There are several departments, agencies and other entities within the government, including the:

 Georgia Department of Administrative Services
 Georgia Department of Agriculture
 Georgia Department of Audits and Accounts
 Georgia Department of Banking and Finance
 Georgia Department of Behavioral Health and Developmental Disabilities
 Georgia Bureau of Investigation
 Georgia Department of Community Affairs
 Georgia Department of Community Health
Georgia Department of Community Supervision
 Georgia Department of Corrections
 Georgia Department of Defense
 Georgia Development Authority
 Georgia Department of Driver Services
 Georgia Department of Early Care and Learning 
 Georgia Department of Economic Development
 Georgia Department of Education
 Georgia Department of Human Services
 Georgia Department of Insurance
 Georgia Department of Juvenile Justice
 Georgia Department of Labor
 Georgia Department of Natural Resources
 Georgia Department of Public Health
 Georgia Department of Public Safety
Georgia Public Service Commission
 Georgia Department of Revenue
 Georgia Department of Transportation
 Georgia Department of Veterans Service

Legislature

The legislature of Georgia is the General Assembly, a bicameral body consisting of the Senate and the House of Representatives. The Senate has 56 members and the House has 180 members. Lawmakers serve 2-year terms and work part-time. Each member of the legislature represents geographically distinct districts from which each voter may give support to one candidate for each body. For most of its history, the state used an unusual county unit system by which districts were drawn such that each had the same area. However, population growth in cities across the state led to the rural population, which was in relative decline, having disproportionate power in government. After the U.S. Supreme Court declared such unequal representation to be unconstitutional in Gray v. Sanders in 1963, state officials began to redefine legislative districts so that each had a similarly sized population.
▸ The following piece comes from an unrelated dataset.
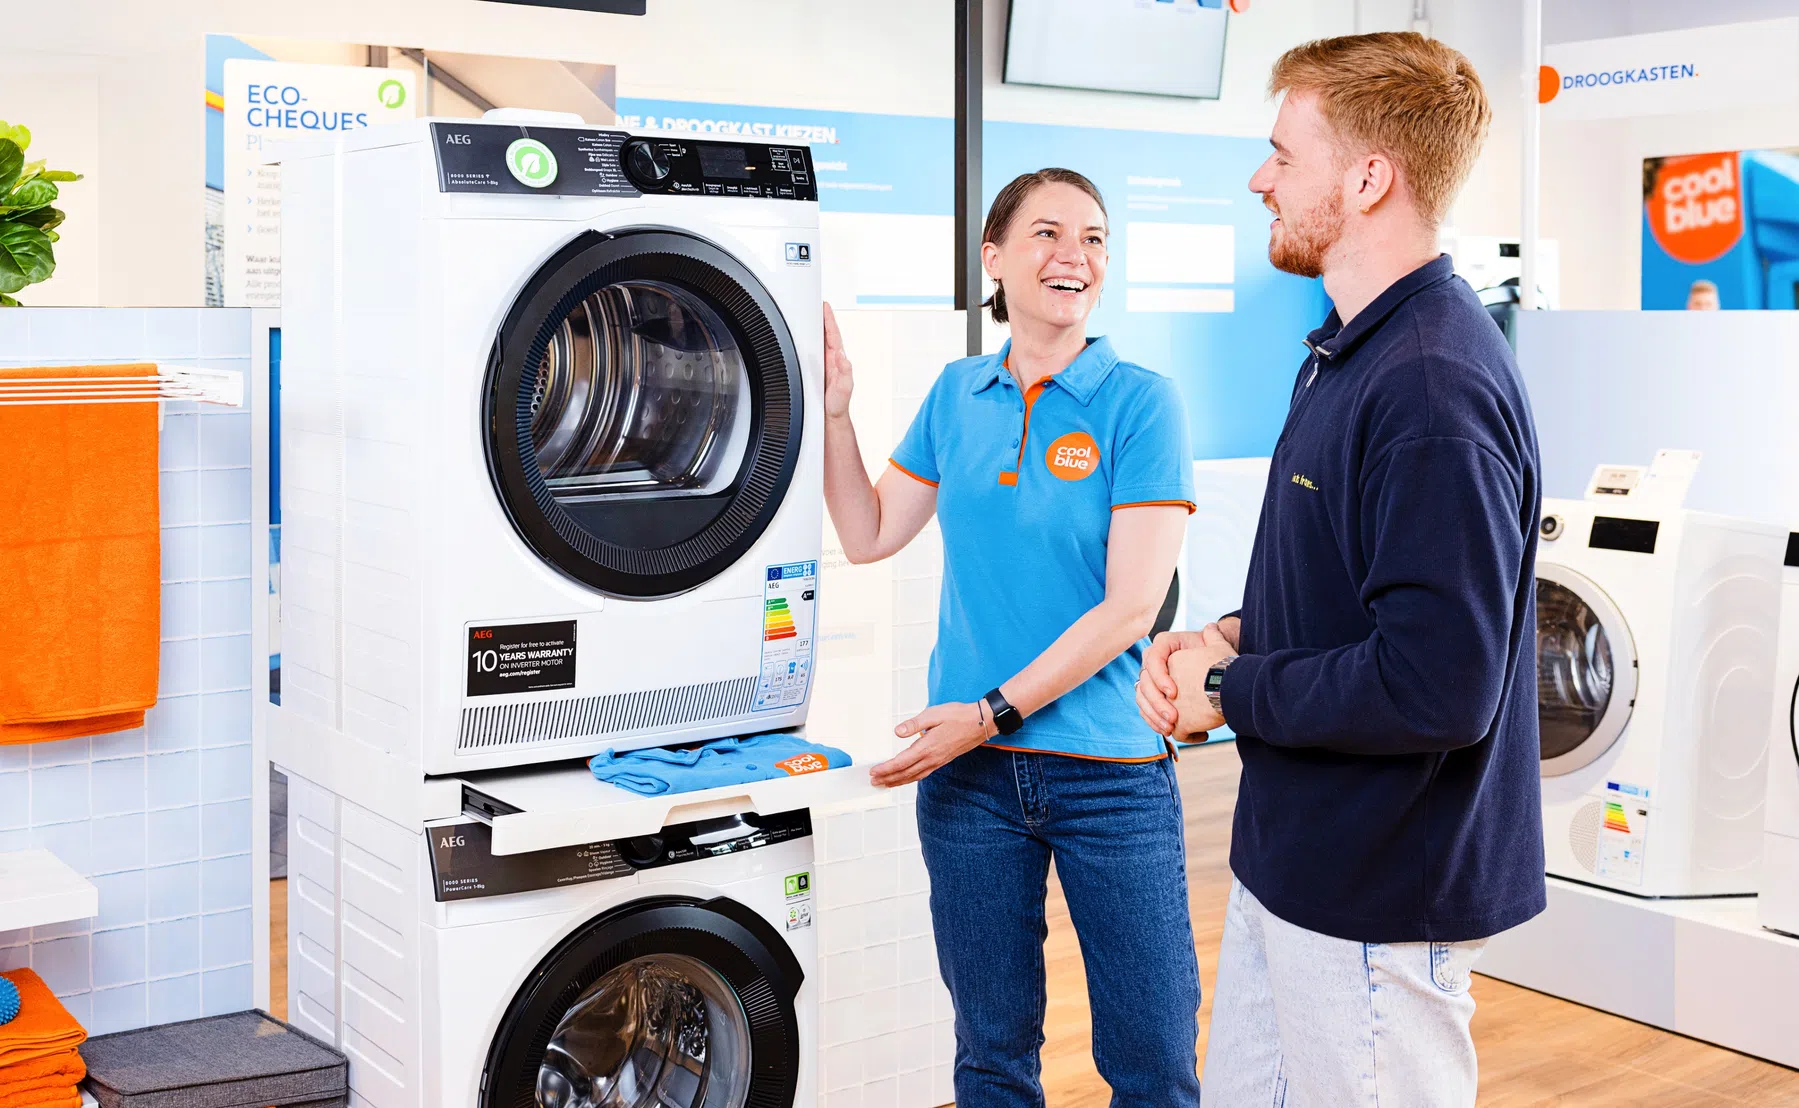 Coolblue komt met een wasmachine die gratis wasjes draait
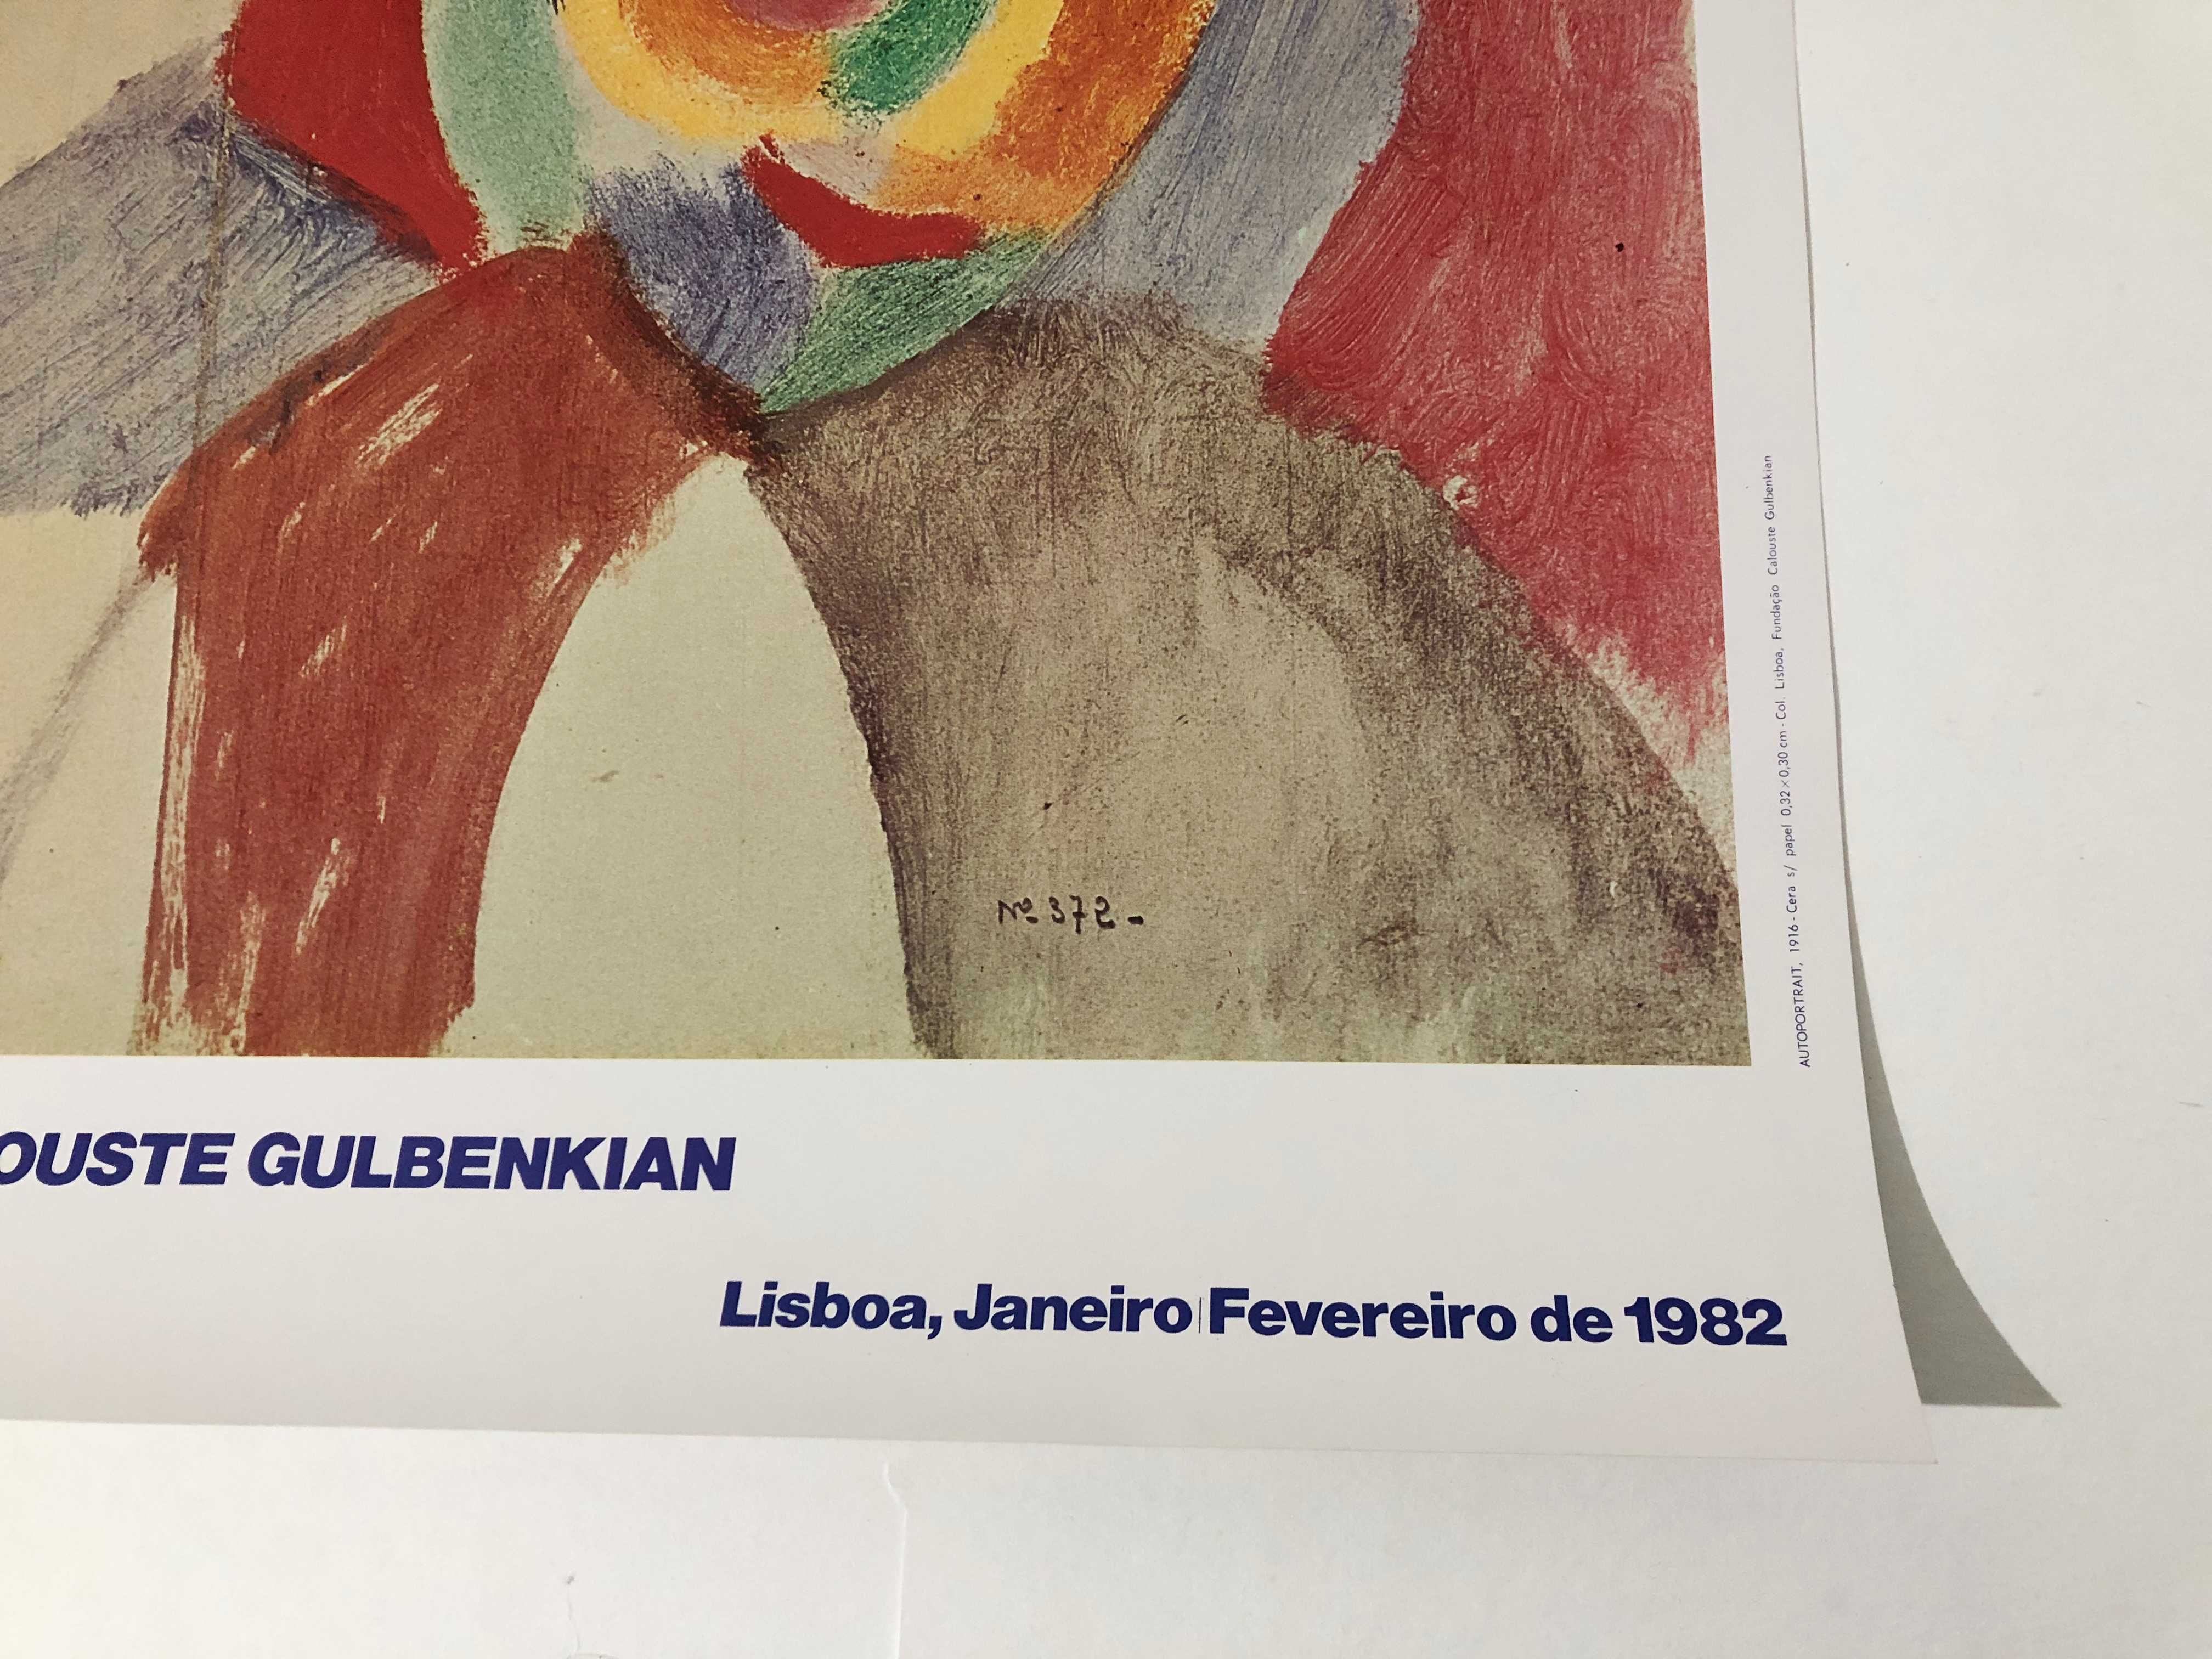 Cartaz exposição Robert e Sonia Delaunay 1982 (F. Calouste Gulbenkian)

Both senators and representatives have terms of two years. There are no limits on the number of terms any person may serve. Its legislative acts, generically called "chapter laws" or "slip laws" when printed separately, are published in the official Georgia Laws and are called "session laws". These in turn have been codified in the Official Code of Georgia Annotated (O.C.G.A.).

From bill to law

The General Assembly transforms bills into laws. A bill is created after citizens contact their representatives about an issue they care about. The legislator drafts a bill that addresses the concerns of citizens. The lawmaker sponsors the bill and files it with either the Clerk of the House or Secretary of Senate to be registered, introduced, and assigned to a committee for review. While in committee, public testimonies and commentary are presented to the committee. After studying the bill, the committee will recommend one of the following: to pass, not pass, pass with changes, or hold bill during its second reading. The bill will proceed to its third reading if viewed favorably by the committee. Bills will be called to the floor for the first ten days of a session. After the tenth day, the Rules Committee starts prioritizing bills to be called. The Rules Committee prepares which bills will be called to the floor on the next day. Once on the floor, the General Assembly may vote and/or make amendments. The bill requires a majority vote to pass through the chamber it originated from by Crossover Day, which is the 30th day in session. Bills that do not advance to the other chamber by this day will not be considered for the remainder of the session. Both the House and Senate follow these rules before sending it to the other house for review. The bills continues to be amendment until both sides can agree on the same version of the bill. Once this is reached, the bill is sent to the governor to be enacted or vetoed, which in the latter case will require a  majority vote from both houses to overcome the veto. The bill is usually sent to the governor after sine die, the last day of the legislative session. The governor has 40 days to approve or veto the bill after sine die before it is automatically enacted. If the bill is requested to arrive at the governor's desk earlier than sine die, the governor must sign. If the bill is sent to the governor during the session, the governor has six days to sign before the bill becomes a law. The law is enacted on July 1.

Judiciary

The highest judiciary power in Georgia is the Supreme Court, which is composed of nine judges. The state also has a Court of Appeals made of 12 judges. Georgia is divided into 49 judicial circuits, each of which has a Superior Court consisting of local judges numbering between two and 19 depending on the circuit population. Under the 1983 Constitution, Georgia also has magistrate courts, probate courts, juvenile courts, state courts; the General Assembly may also authorize municipal courts.  Other courts, including county recorder's courts, civil courts and other agencies in existence on June 30, 1983, may continue with the same jurisdiction until otherwise provided by law.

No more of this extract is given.